Les socialistes suisses adoubent la réforme des retraites ? C'est NON quand même...


Lundi, le 1er mai avait notamment pour thème, en Suisse romande du moins, la défense des retraites et le renforcement de l'AVS. La veille, le PSS annonçait le résultat du vote général de ses membres sur le projet "Prévoyance vieillesse 2020" : La direction du parti voulait un "mandat clair", c'est un plébiscite : par 11’061 OUI contre 1’153 non, soit 90,6 % de OUI, le projet adopté par le parlement et soutenu par le groupe parlementaire, la direction du parti et les Femmes socialistes a été adoubé par la base. La participation au vote a été de 39 %, en augmentation de 7 % par rapport au dernier vote général de 1995. Toutes les sections cantonales ont approuvé la réforme : les résultats se situent entre 66,7 % de OUI à Genève (où l'assemblée générale du parti a adopté le mot d'ordre du "non" et du soutien au référendum) et 97,6 % de OUI à Obwald et Nidwald.
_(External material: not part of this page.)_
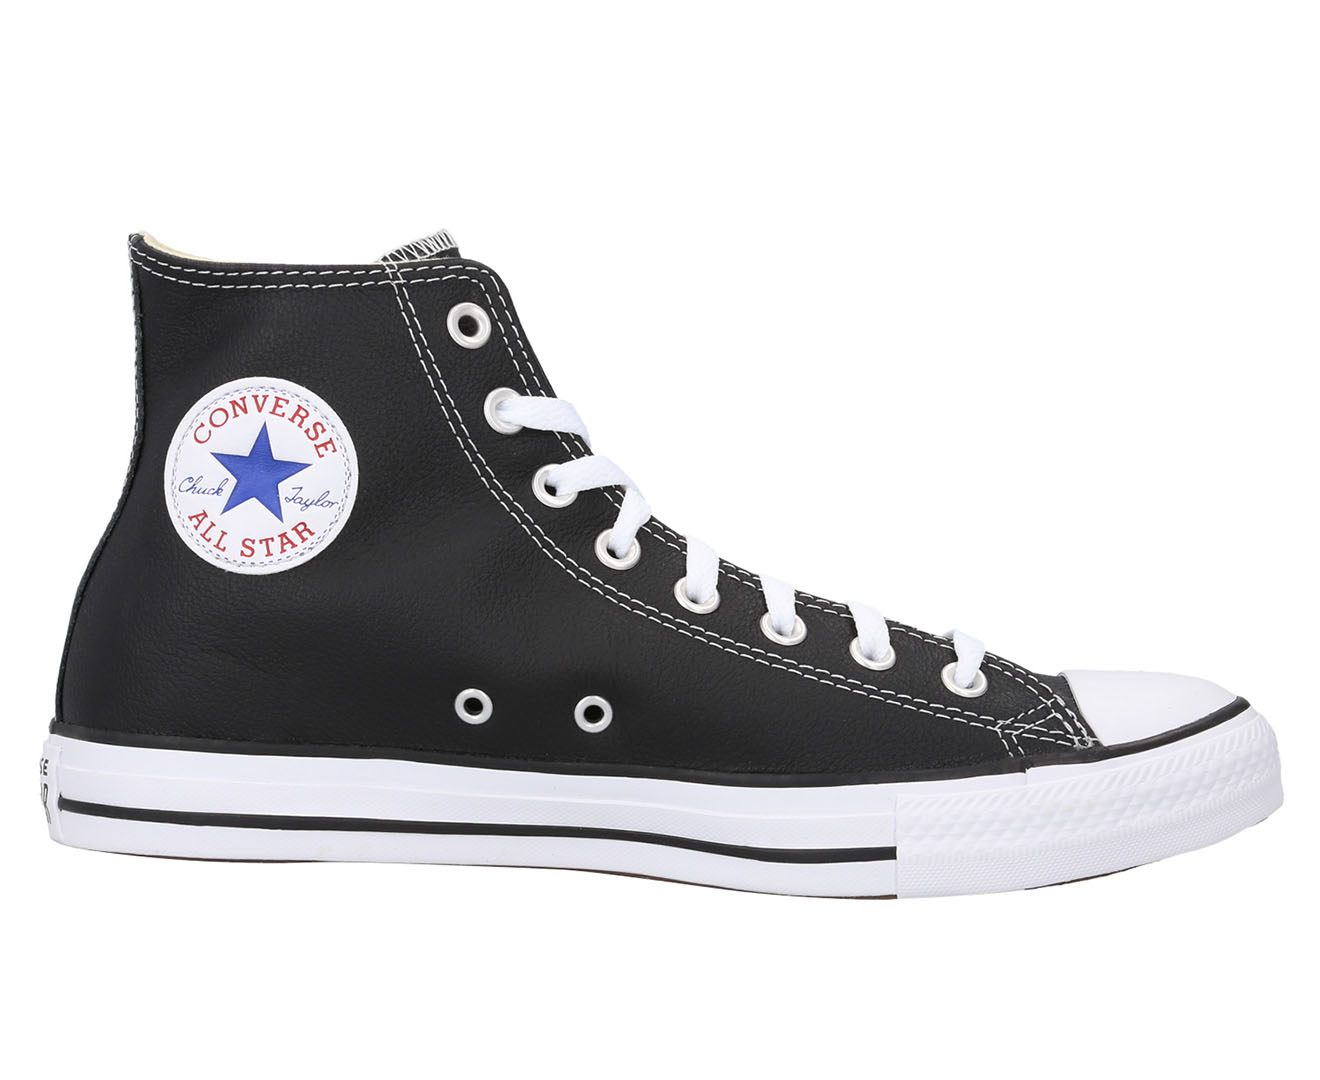 Converse Chuck Star Leather High Top Sneakers - Black | M.catch.com.au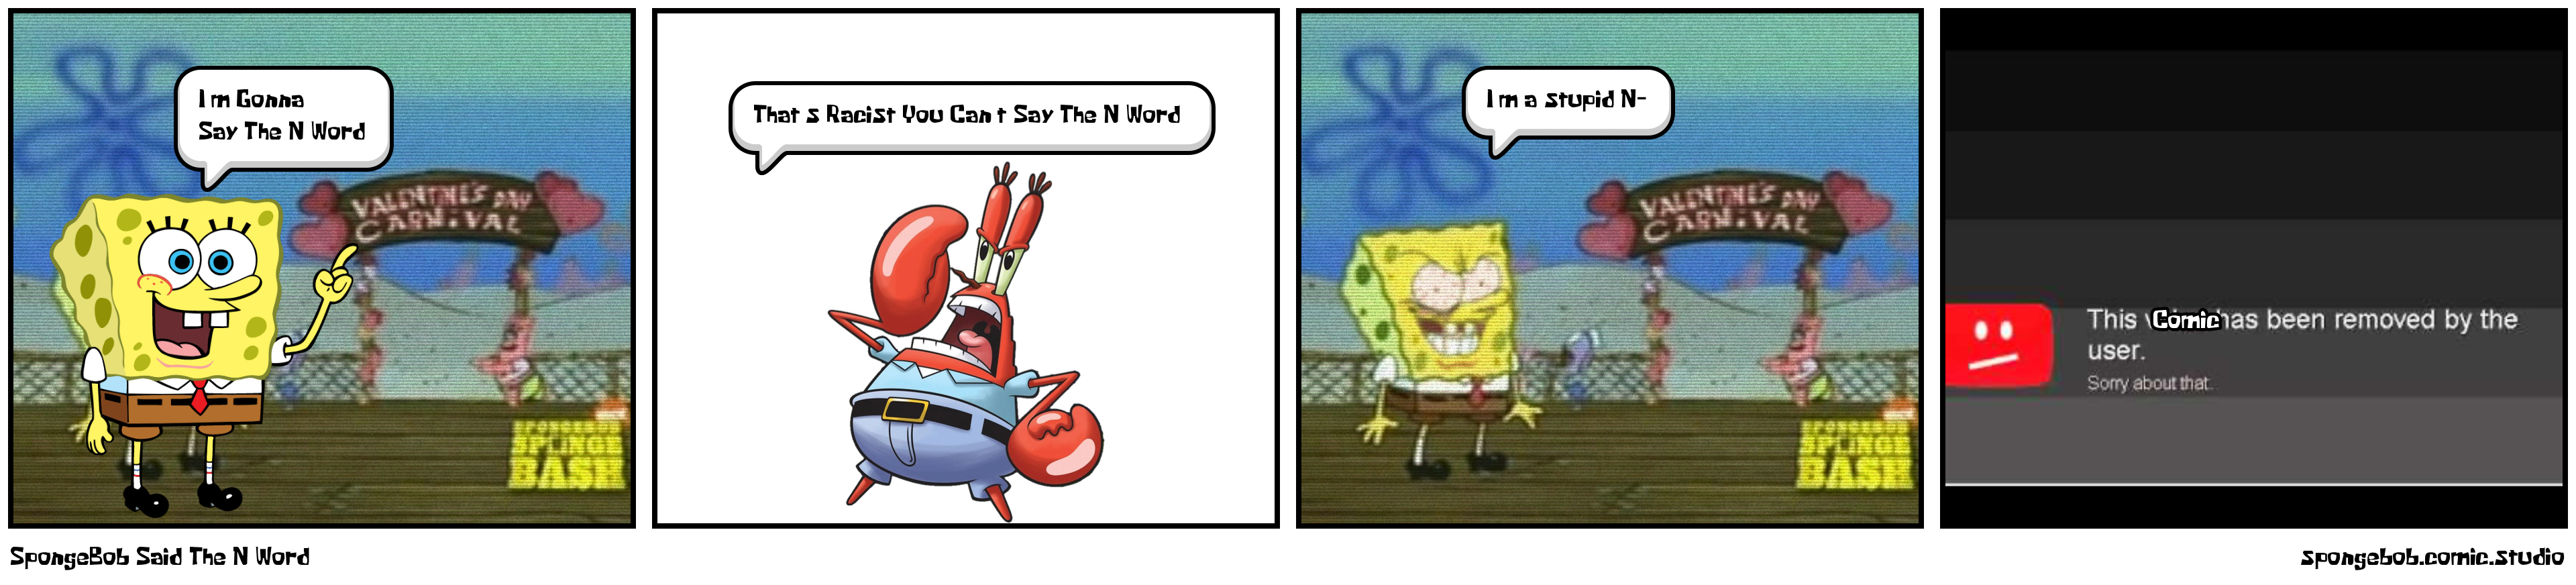 SpongeBob Said The N Word

On savait même pas qu'il y avait des socialistes à Nidwald, dis-donc... Seuls les Romands et Bâlois (de la ville) ont ont voté NON à plus de 10 % . On espérait mieux, mais on fera avec -de toute façon, minoritaires, on savait qu'on le serait avant même qu'on en ait la confirmation par le résultat du vote général, et le référendum, on l'a déjà signé, alors ça sera NON quand même.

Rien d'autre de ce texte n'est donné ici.